IB Syllabus focus:
‘Soils provide water, rooting medium, and essential nutrients (N, P, K); plants obtain carbon from atmospheric CO₂.’
Soils are essential for sustaining plant productivity, acting as reservoirs for water, nutrients, and as a stable rooting medium. Their properties directly determine the success of agricultural systems.
Soils as a Rooting Medium
Plants require a stable rooting medium to anchor themselves and access resources. The soil must provide:
Mechanical support to hold plants upright.
Pore space for oxygen to reach roots.
Channels for root penetration and growth.
Soil Structure and Root Development
A well-aggregated soil with balanced sand, silt, and clay particles promotes effective root growth. Compacted or degraded soils restrict root extension and limit productivity.
Water Availability in Soils
Water stored in soils provides plants with a continuous supply between rainfall or irrigation events.
Field Capacity: The amount of water soil can hold against gravity after excess drainage has occurred.
Types of Soil Water
Gravitational water: Quickly drains, unavailable to plants.
Capillary water: Held in pores, readily available to roots.
Hygroscopic water: Bound tightly to particles, unavailable to plants.
Soil texture and organic matter content influence water retention. Clay and humus-rich soils store more water than sandy soils.
Diagram shows field capacity, permanent wilting point, and the grey band of plant-available water across soil textures from sand to clay. It clarifies why clays retain more water while sands hold less, aligning with irrigation decisions and plant stress thresholds. Note: the graphic also labels water lost to runoff or deep percolation, which is ancillary detail beyond the syllabus focus. Source.
Nutrient Supply in Soils
Soils supply the essential macronutrients plants require:
Nitrogen (N): For proteins and chlorophyll synthesis.
Phosphorus (P): For energy transfer and root development.
Potassium (K): For enzyme activation, water regulation, and disease resistance.
Cation Exchange Capacity (CEC): The ability of soil particles, especially clays and organic matter, to retain and exchange positively charged nutrient ions (cations).
Soils with high CEC, such as those rich in clay and humus, are more fertile because they can store and release nutrients efficiently.

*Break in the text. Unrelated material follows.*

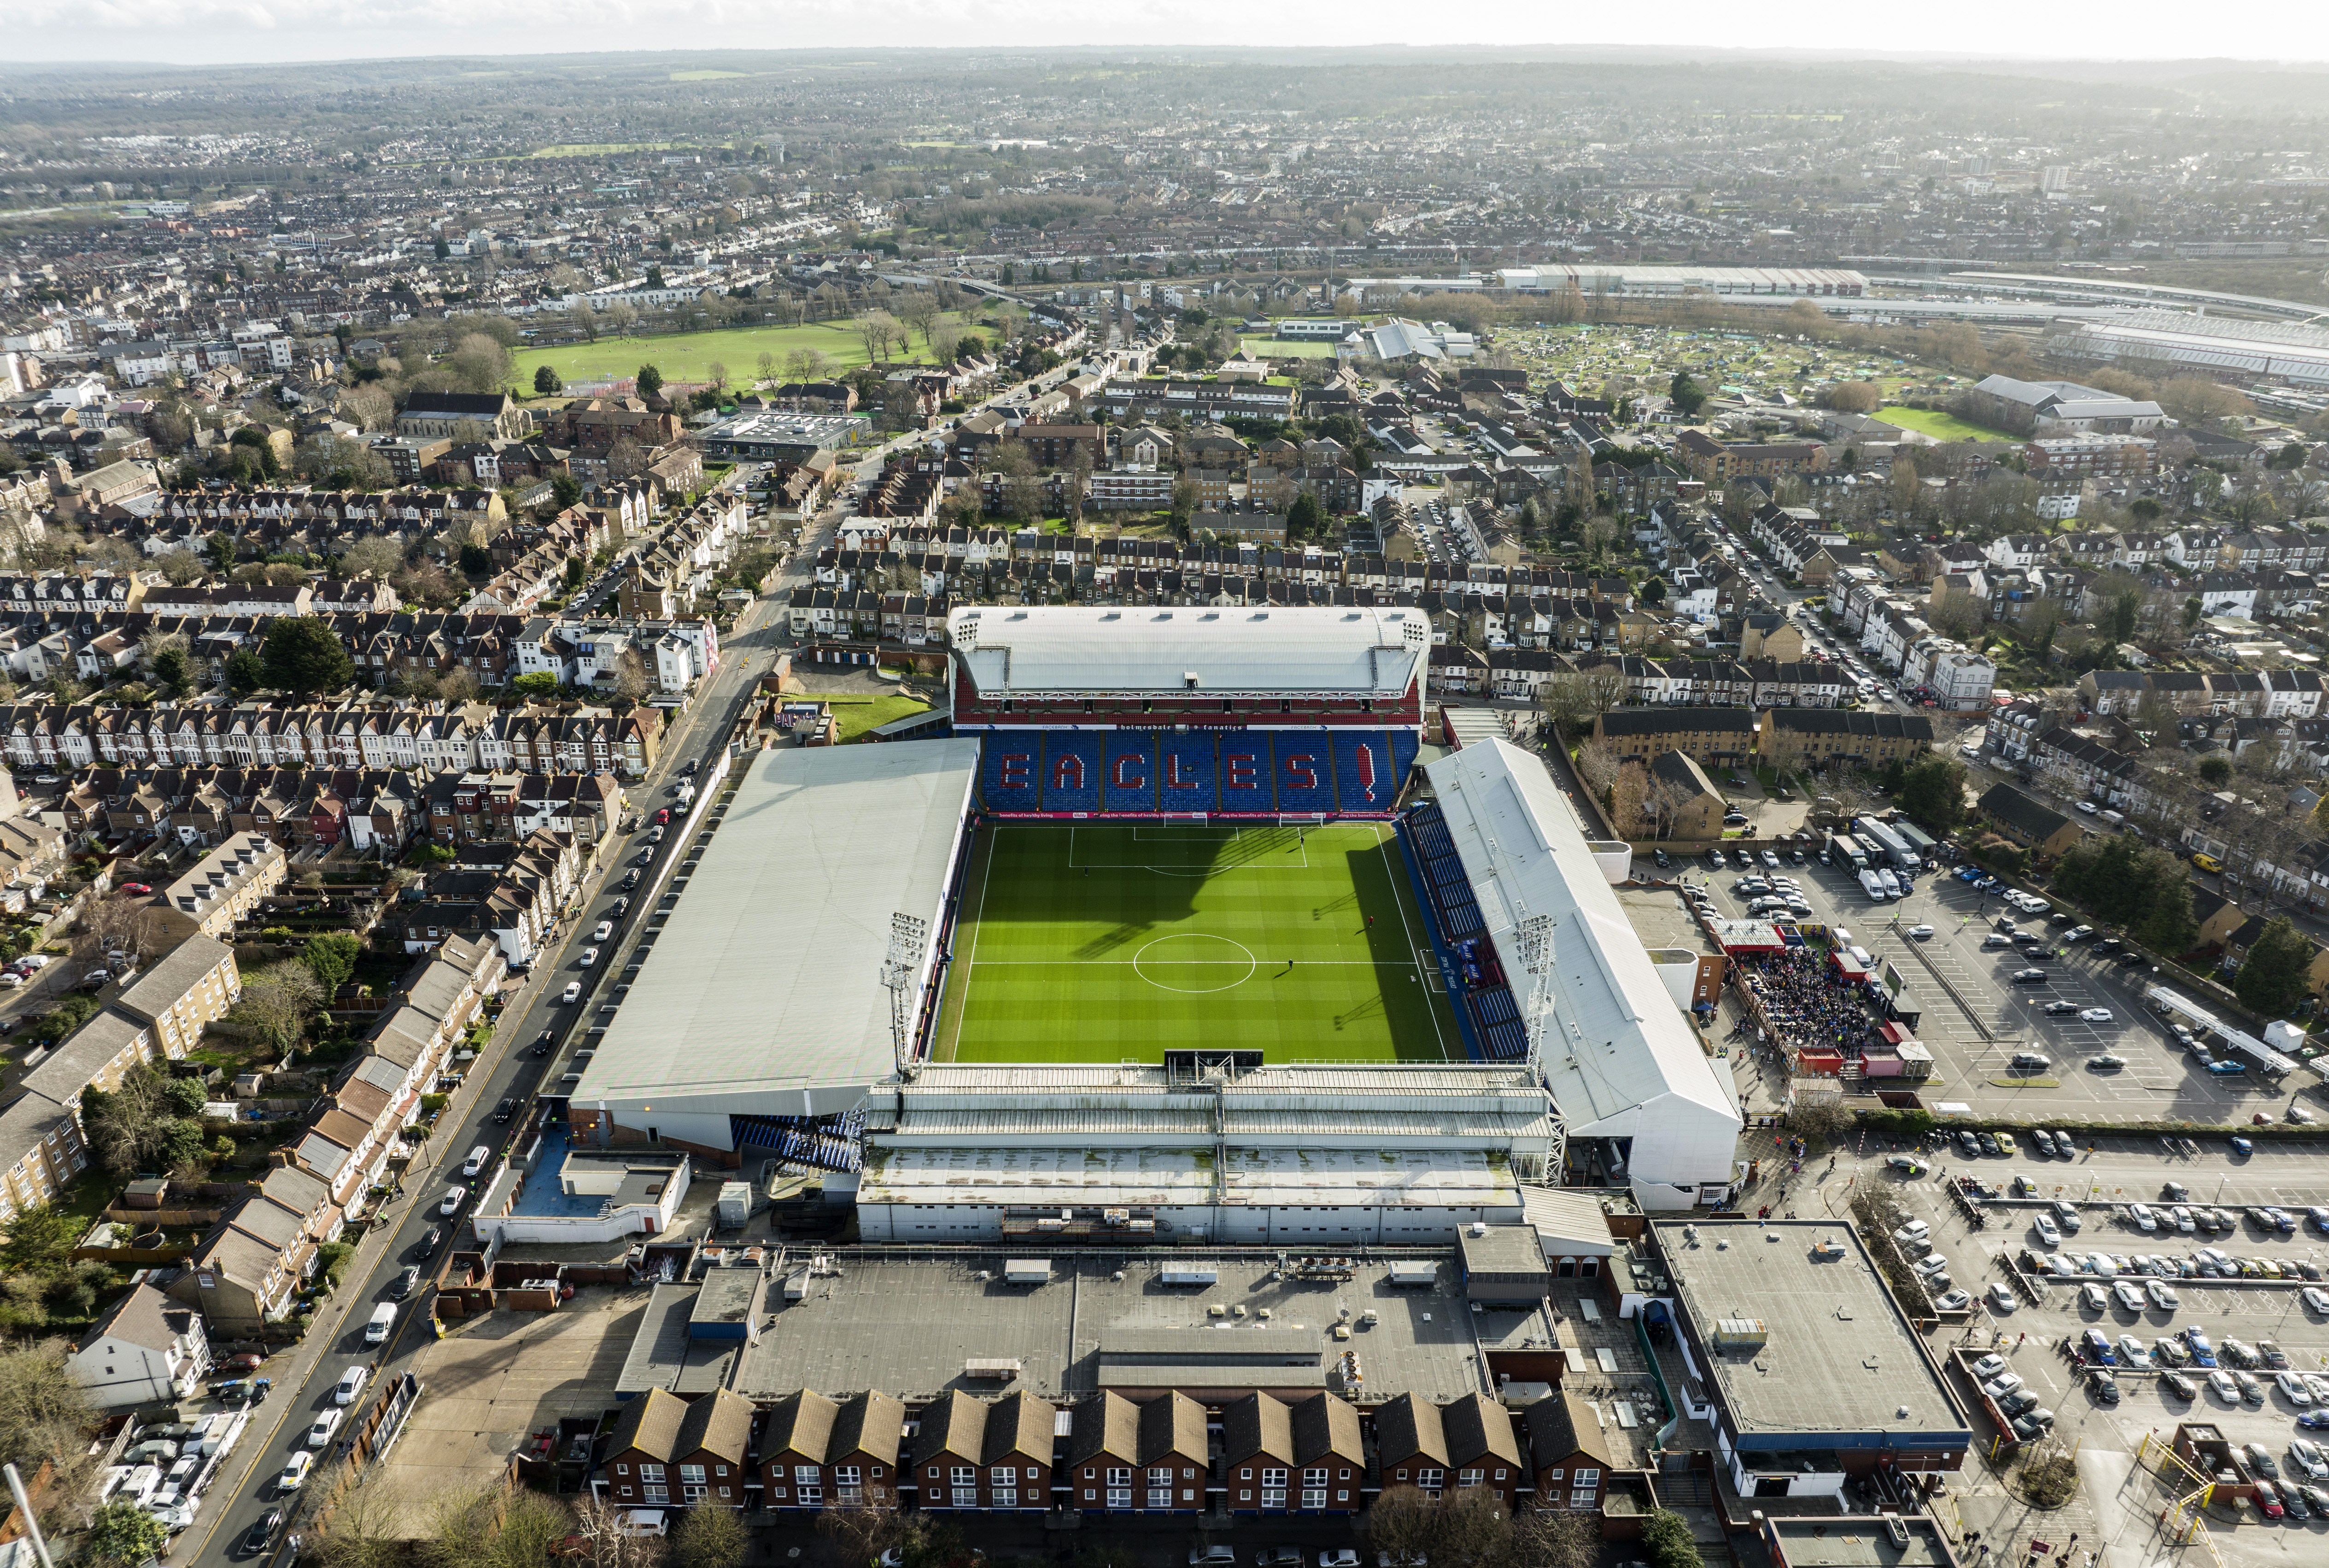 The Crystal Palace ground of the modern day slots into the neighbourhood

Conceptual diagram of a negatively charged soil particle attracting nutrient cations in the surrounding solution, with arrows indicating exchange to and from the particle surface. This visual ties directly to CEC and explains why clay- and humus-rich soils buffer nutrient supply to roots. The labels are minimal and clear, avoiding clutter while showing the key ions. Source.
Micronutrients
Alongside macronutrients, soils provide micronutrients such as iron (Fe), manganese (Mn), and zinc (Zn), needed in smaller amounts but still essential for plant growth.
The Role of Organic Matter
Organic matter, particularly humus, improves soil fertility by:
Enhancing water retention.
Boosting nutrient availability through slow decomposition.

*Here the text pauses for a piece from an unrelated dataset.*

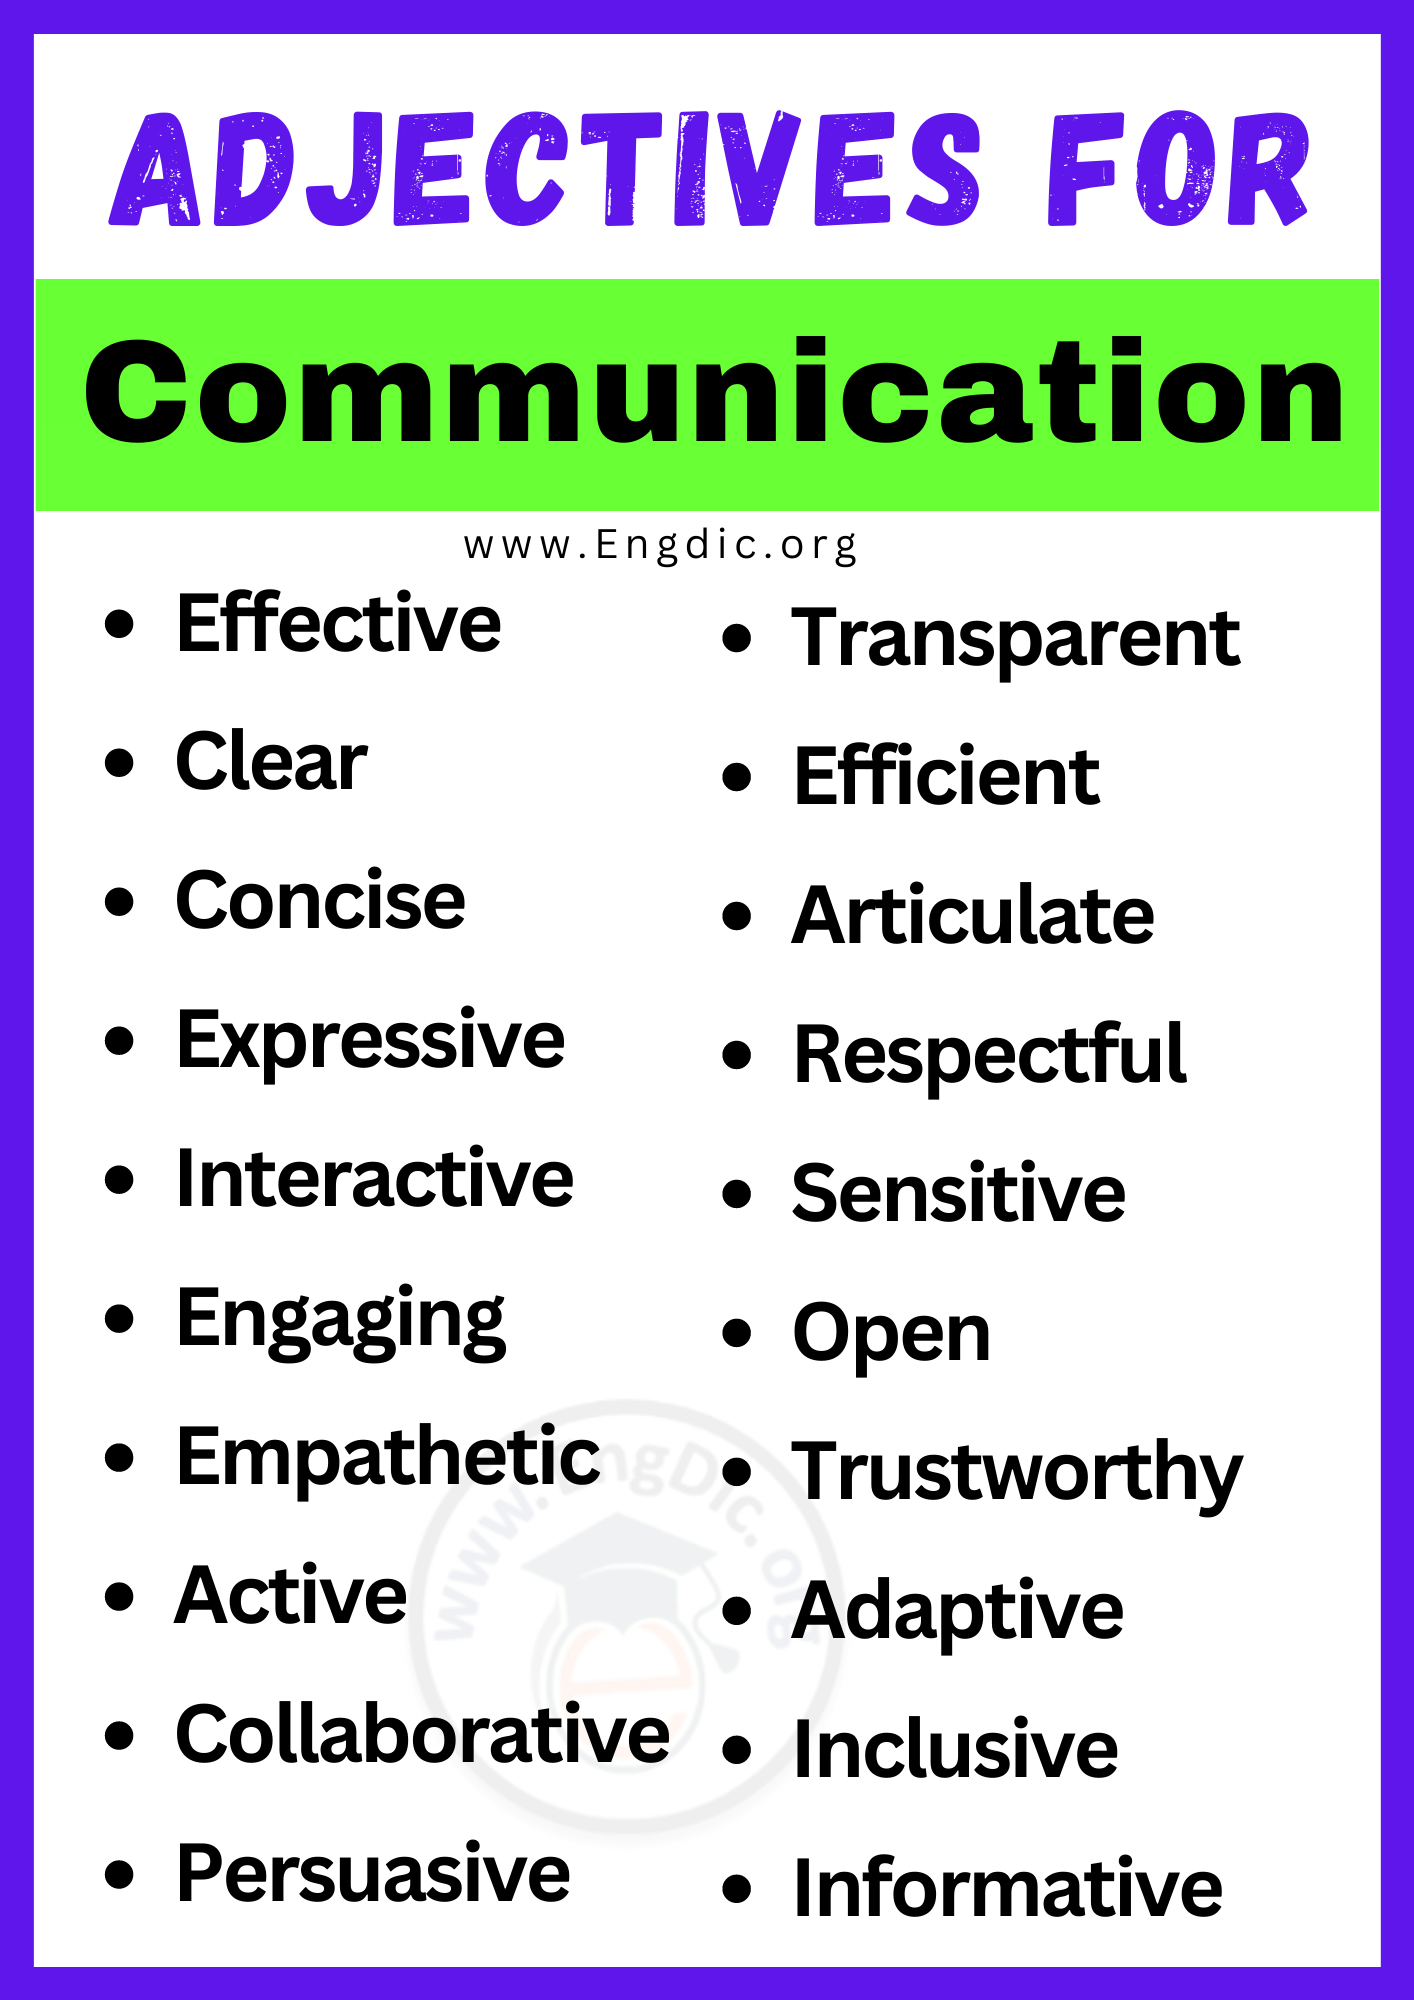 Adjectives for Communication

Promoting soil structure stability, reducing erosion.
Providing habitat and energy for soil microorganisms involved in nutrient cycling.
Humus: The dark, stable organic component of soil formed from decomposed plant and animal material, critical for fertility.
Plant Uptake of Carbon
While soils supply nutrients and water, carbon is obtained differently. Plants absorb carbon dioxide (CO₂) from the atmosphere during photosynthesis, not from the soil.
Simple, labelled schematic showing a plant taking in light, carbon dioxide (air), and water (roots), producing oxygen and carbohydrates. It visually distinguishes soil-supplied water/nutrients from air-supplied carbon, matching the syllabus focus. Extra detail includes oxygen release and “carbohydrates,” which are accurate but extend slightly beyond the precise wording. Source.
Photosynthesis: 6CO₂ + 6H₂O → C₆H₁₂O₆ + 6O₂
CO₂ = Carbon dioxide from the atmosphere
H₂O = Water from soil uptake
C₆H₁₂O₆ = Glucose (plant sugar for energy and growth)
O₂ = Oxygen released into the atmosphere
This balance between soil-provided resources and atmospheric CO₂ ensures full plant development.
Soil Conditions Affecting Productivity
Several soil conditions determine how well soils support plants:
Soil pH: Influences nutrient availability; extremes cause deficiencies or toxicities.
Aeration: Adequate oxygen is required for root respiration.
Temperature: Influences microbial activity and nutrient cycling.
Drainage: Prevents waterlogging, which restricts root oxygen supply.
Soil Biota and Productivity
Soil hosts diverse microorganisms and fauna that enhance productivity:
Decomposers (bacteria, fungi): Release nutrients through organic matter breakdown.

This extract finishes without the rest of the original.